* Activity: Word for word, copy the line containing "Standardization Approaches in" and every line after it in the records below, leaving pictures out.

* Extracted records:
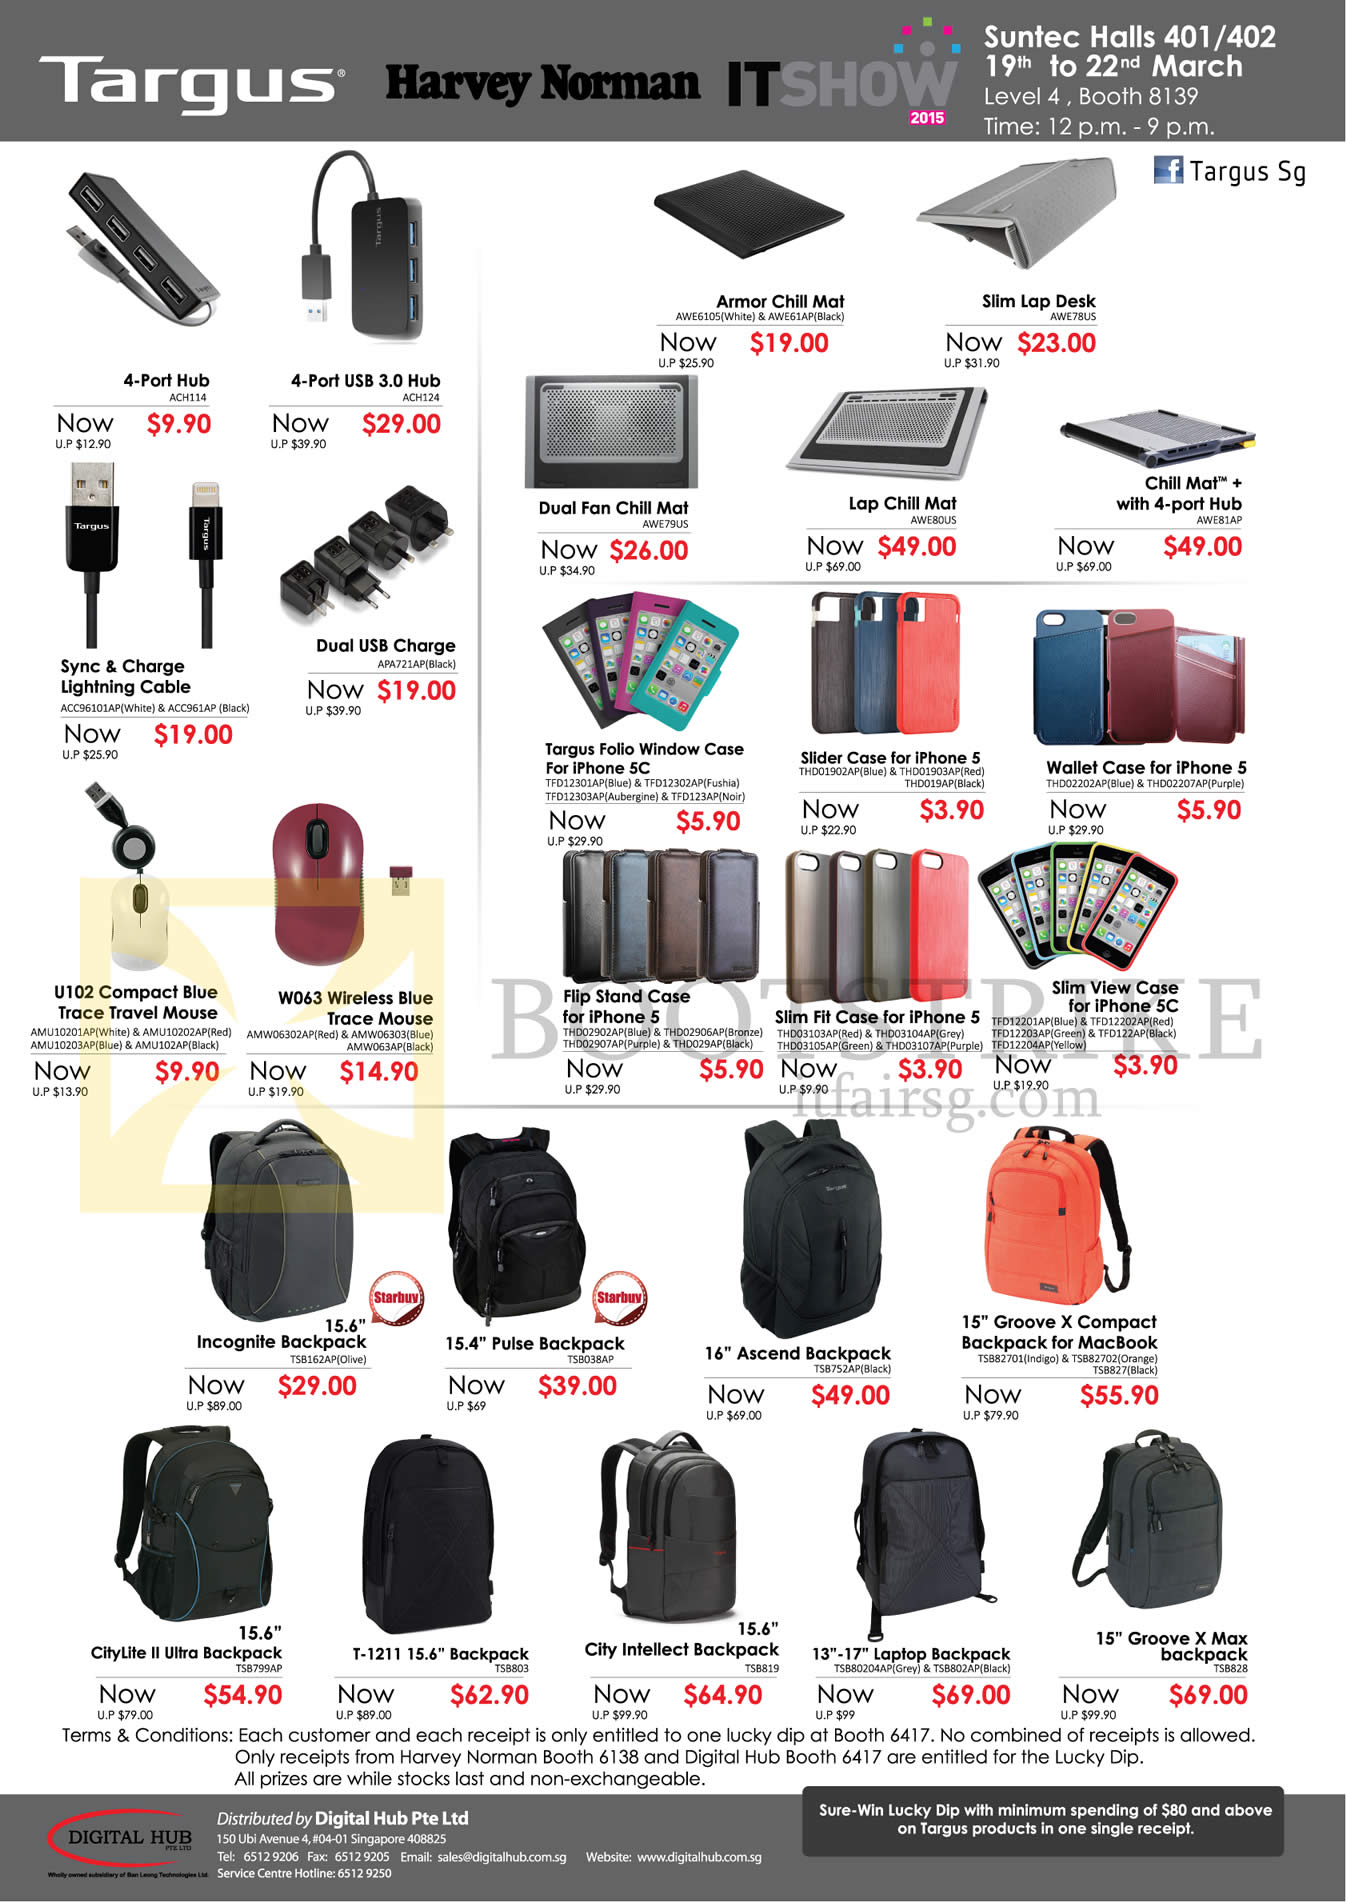 IT SHOW 2015 price list image brochure of Targus USB Hubs, Lightning Cables, Mouse, Cooling Pad, IPhone Case, Backpacks
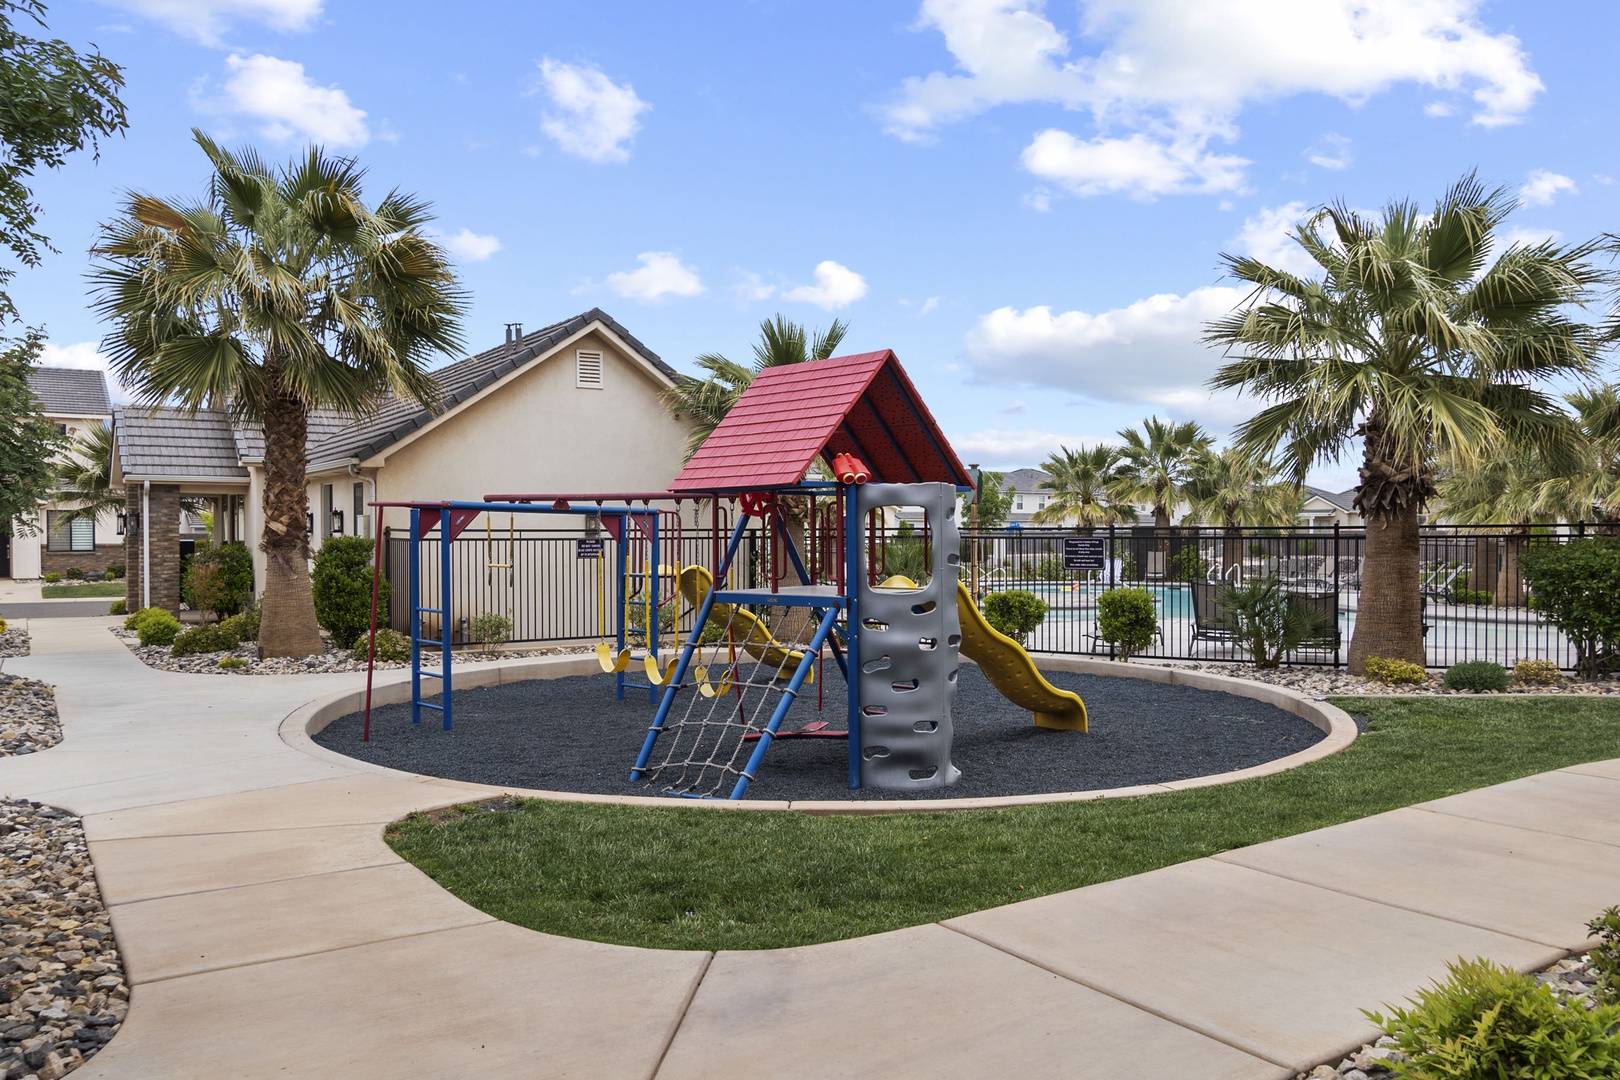 If you’re traveling with littles, take a trip over to the community playground
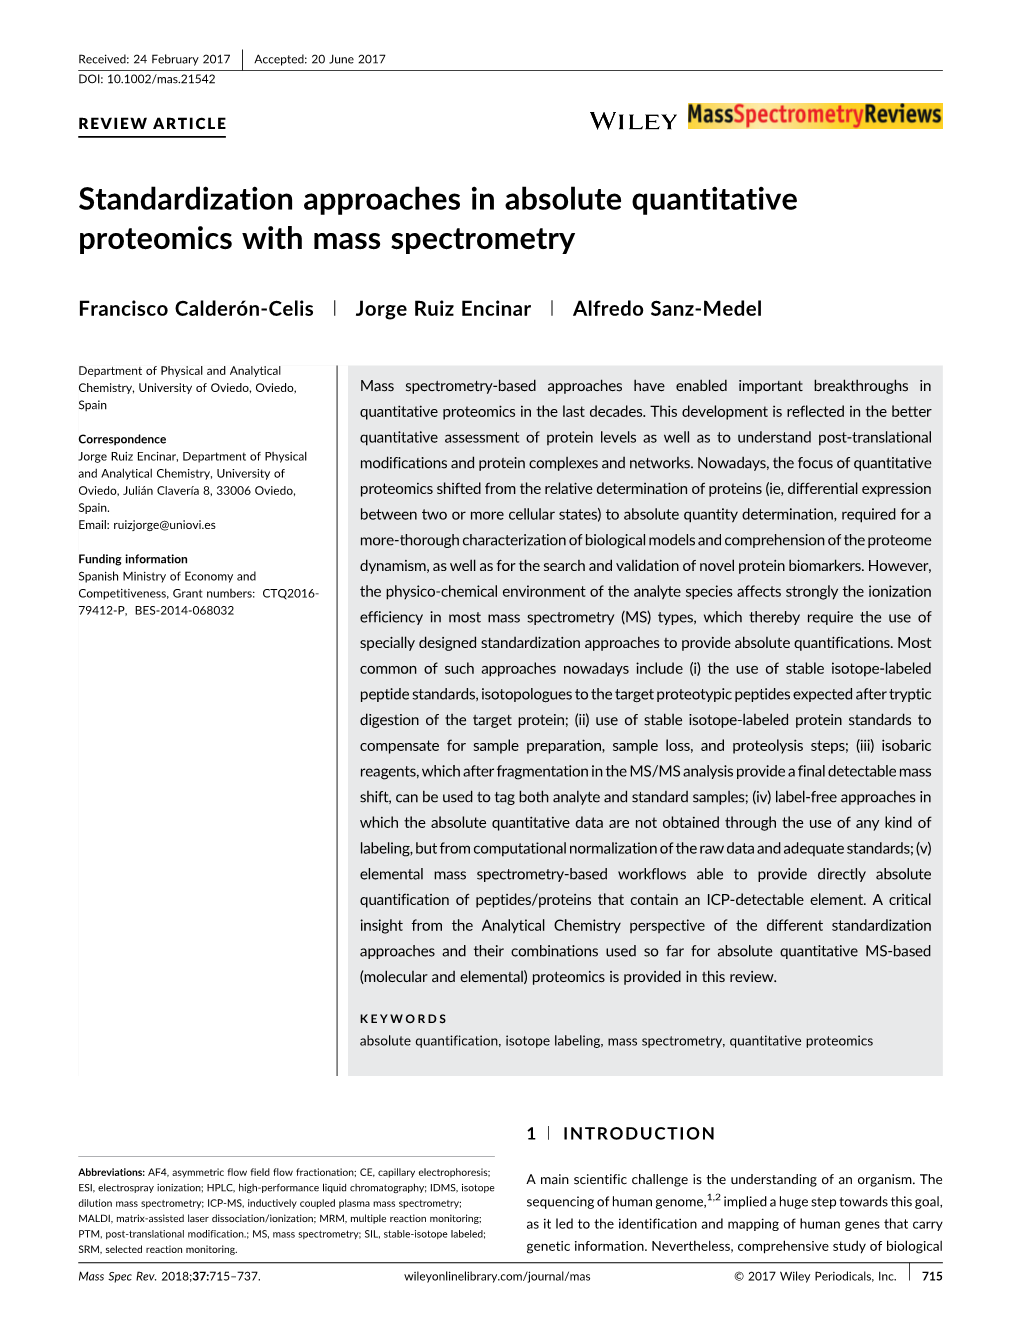 Standardization Approaches in Absolute Quantitative Proteomics with Mass Spectrometry
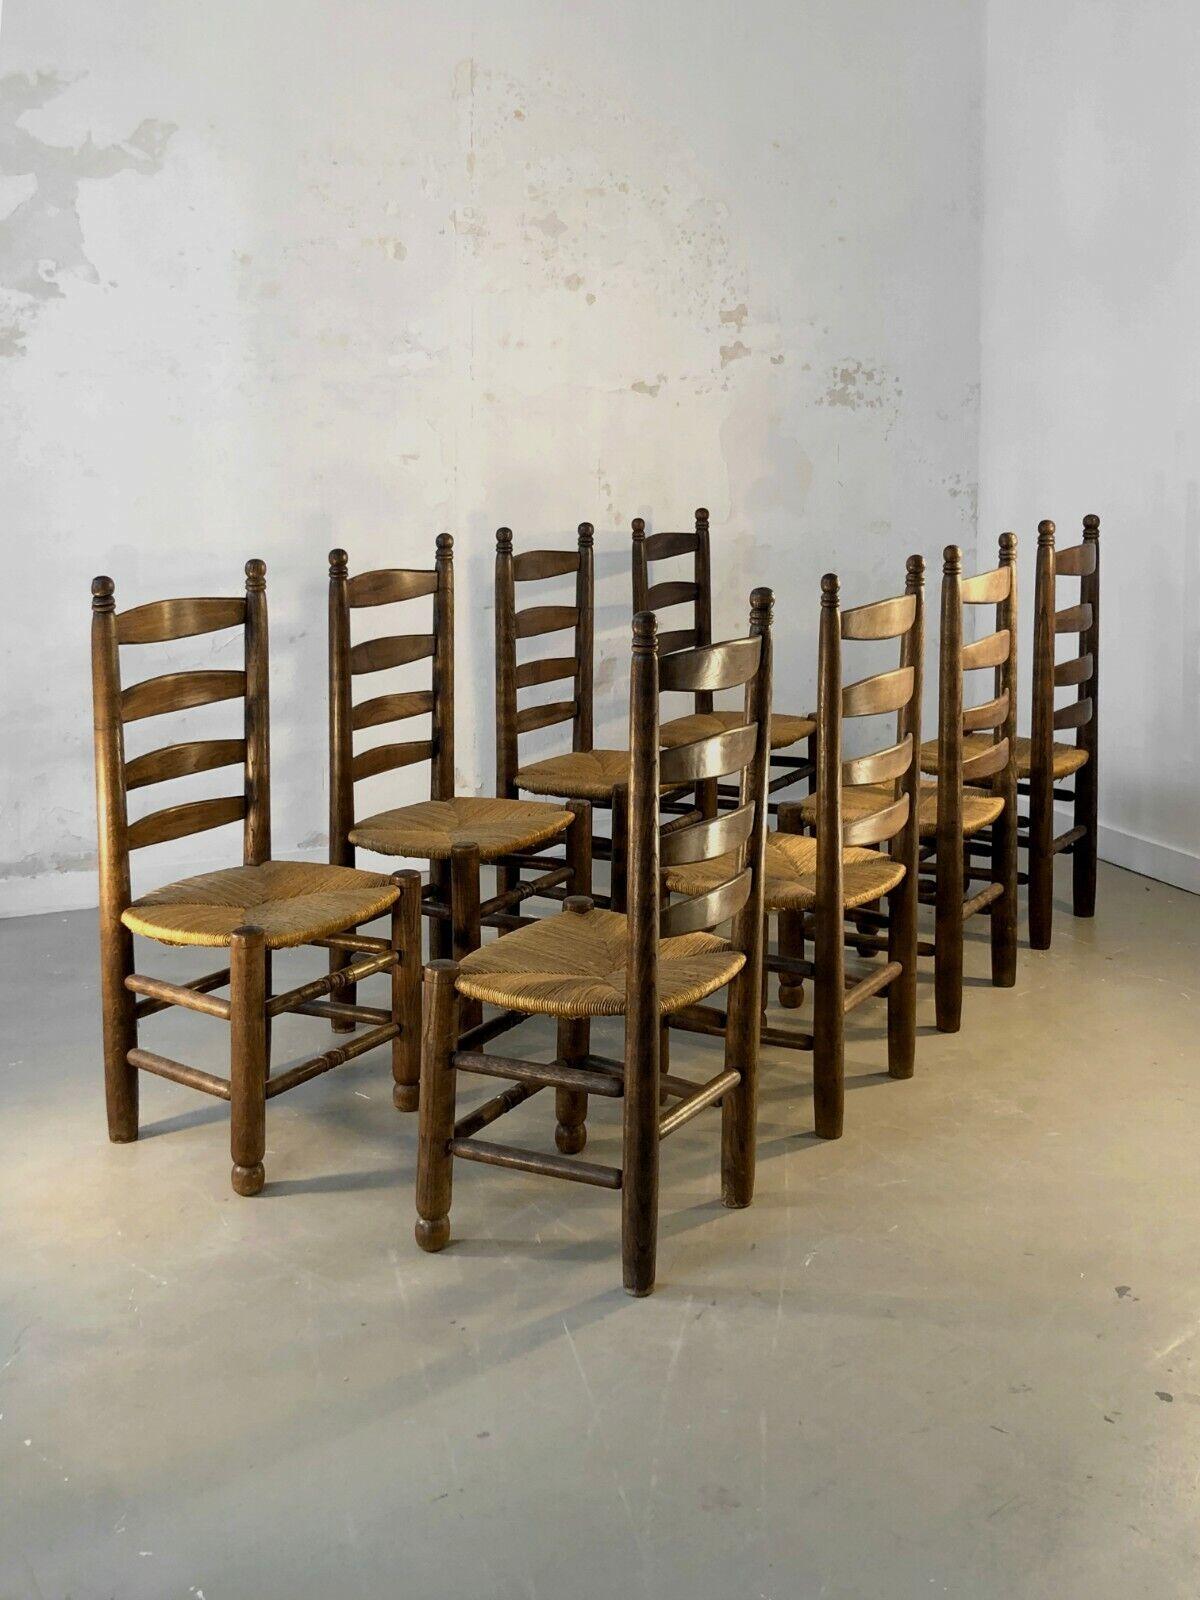 8 BRUTALIST RUSTIC MODERN Modernist CHAIRS by CHARLES DUDOUYDT, France 1950 For Sale 3
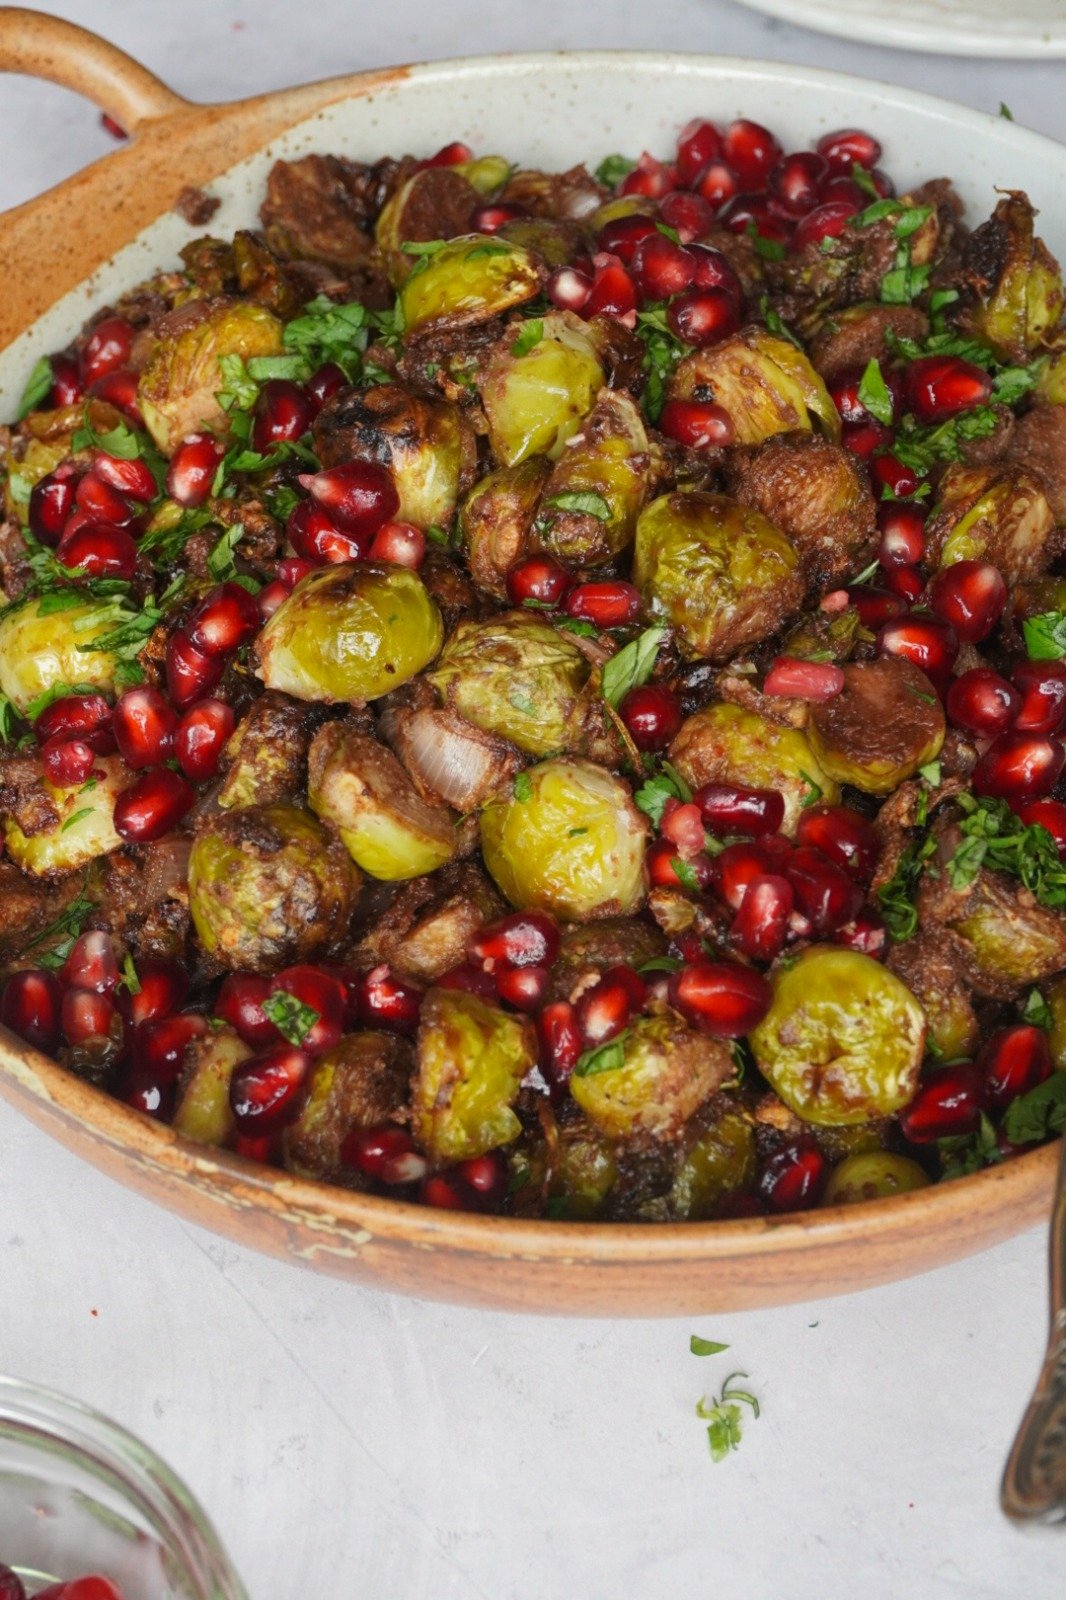 Mouthwatering roasted brussels sprouts garnished and served

* Answer section:
 Standardization Approaches in Absolute Quantitative Proteomics with Mass Spectrometry
 8 BRUTALIST RUSTIC MODERN Modernist CHAIRS by CHARLES DUDOUYDT, France 1950 For Sale 3
 Mouthwatering roasted brussels sprouts garnished and served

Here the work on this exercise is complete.